You write regular Python—but TensorFlow traces it once and converts it into a graph.

✅ Example:

import tensorflow as tf

@tf.function
def compute(x):
    return x**2 + 3*x + 1

print(compute(tf.constant(2.0)))  # tf.Tensor(11.0, shape=(), dtype=float32)
This runs like Python but is compiled under the hood.


11.3 Benefits of Using @tf.function

  • Faster execution: Runs as a graph instead of interpreted Python
  • Cross-platform compatibility: Can run on GPUs, TPUs, mobile, etc.
  • Serialization: Enables saving models in SavedModel format
  • Deployment: Used in TensorFlow Serving, TFLite, and TF.js

11.4 Gotchas & Debugging Tips

❗ Be careful of Python-side effects:

@tf.function
def bad_func():
    print("This won't show up")  # Runs only during tracing, not each call
Only TensorFlow ops are tracked.
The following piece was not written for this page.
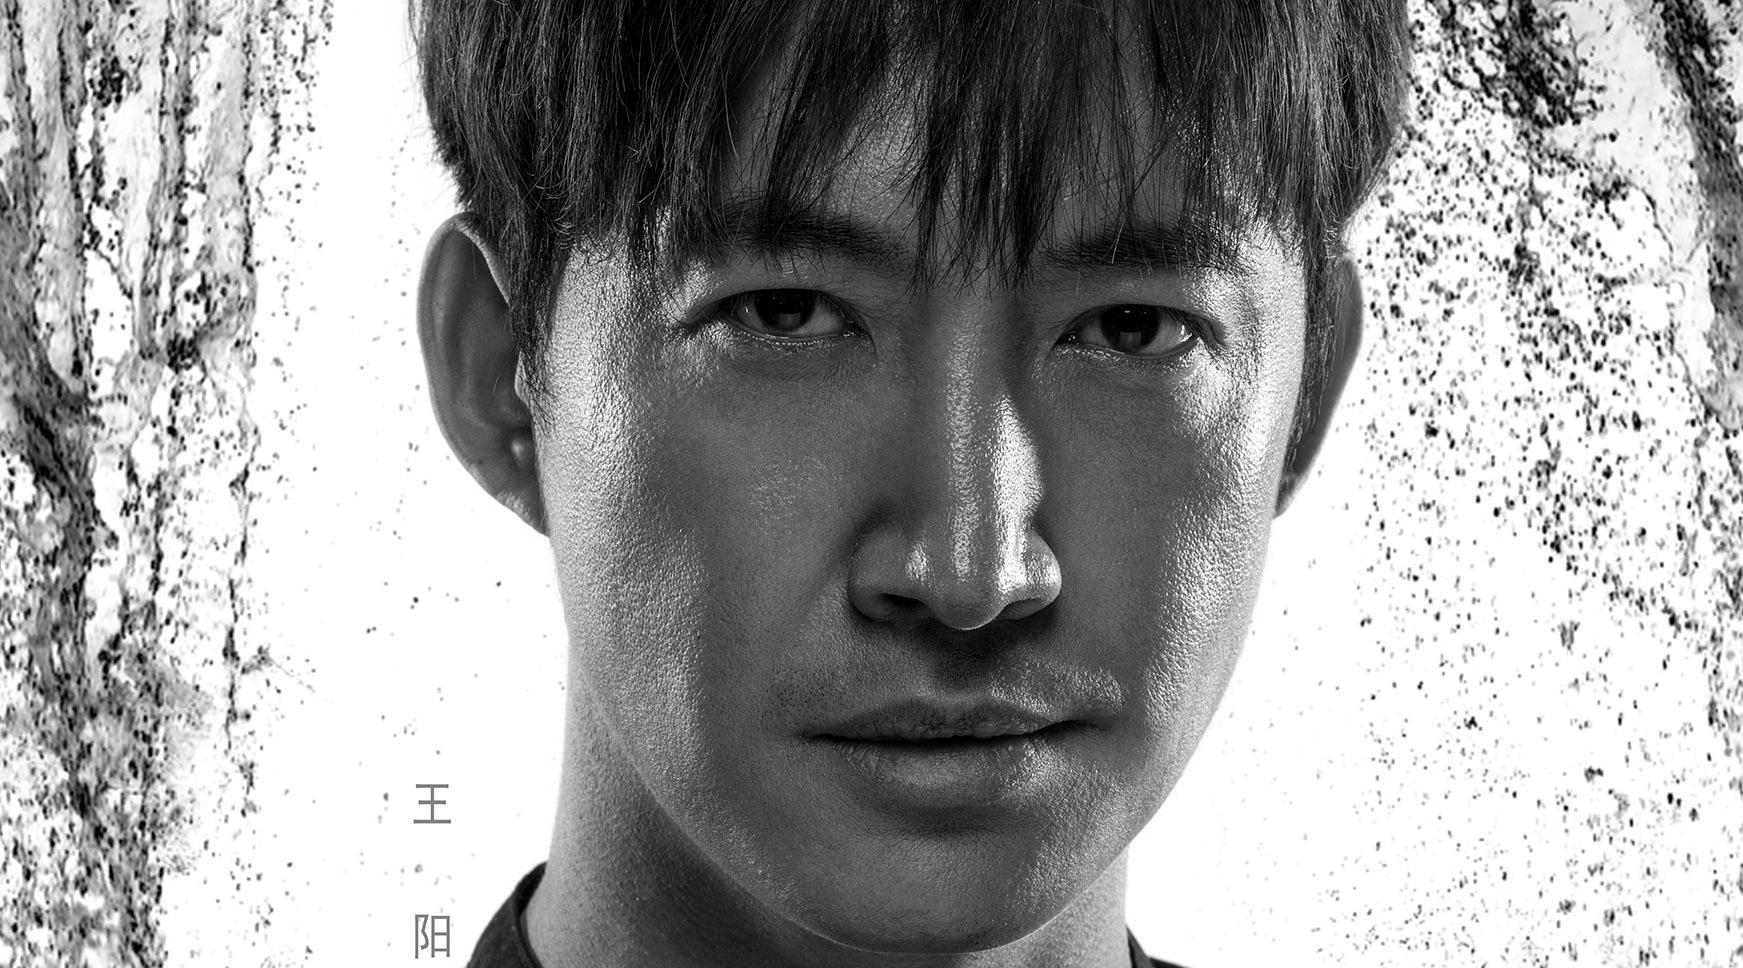 《走火》曝王阳单人海报  身份成谜引爆全剧高潮
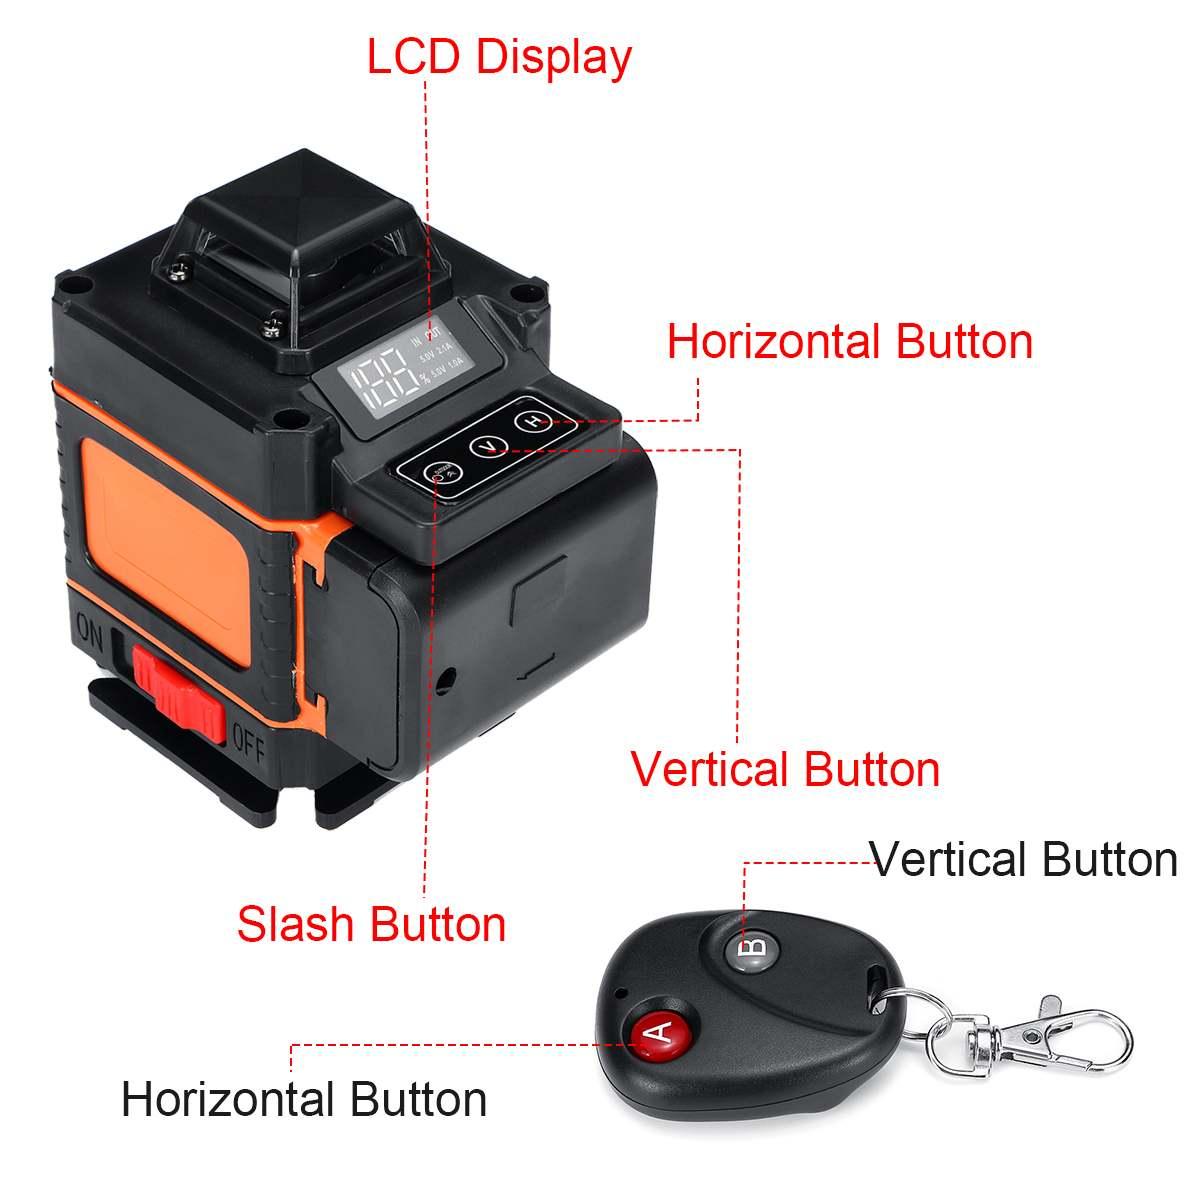 16 линий, 4D лазерные нивелиры, автоматическое наливное 360, вращающееся измерение, горизонтальный вертикальный крестообразный светодиодный дисплей, мощный зеленый лазер

Use tf.print() instead of Python print():
@tf.function
def good_func(x):
    tf.print("Value of x:", x)


11.5 Input Signatures (Optional)

Restrict the function to a fixed input type and shape for optimization:

@tf.function(input_signature=[tf.TensorSpec(shape=[None], dtype=tf.float32)])
def model(x):
    return tf.reduce_sum(x)
This makes tracing more predictable and speeds up model serving.


11.6 Retrieving the Graph

You can inspect the computation graph like this:

@tf.function
def square(x):
    return x * x

print(square.get_concrete_function(tf.constant(2.0)).graph.as_graph_def())
This shows you the internal graph ops (used for debugging, export, or tooling).


11.7 Common Use Cases

Use Case Benefit
Training loops Speed boost
Model export (SavedModel) Required
TF Serving / deployment Required
Writing reusable pipelines Cleaner graph structure

11.8 Summary

  • @tf.function converts Python code into high-performance TensorFlow graphs.
  • It enables speed, portability, deployment, and tracing.
  • Use tf.print instead of regular print() inside graph code.
  • It’s a must for production workflows, but test in eager mode first.

First you write Python. Then you write TensorFlow. Then you make Python act like TensorFlow.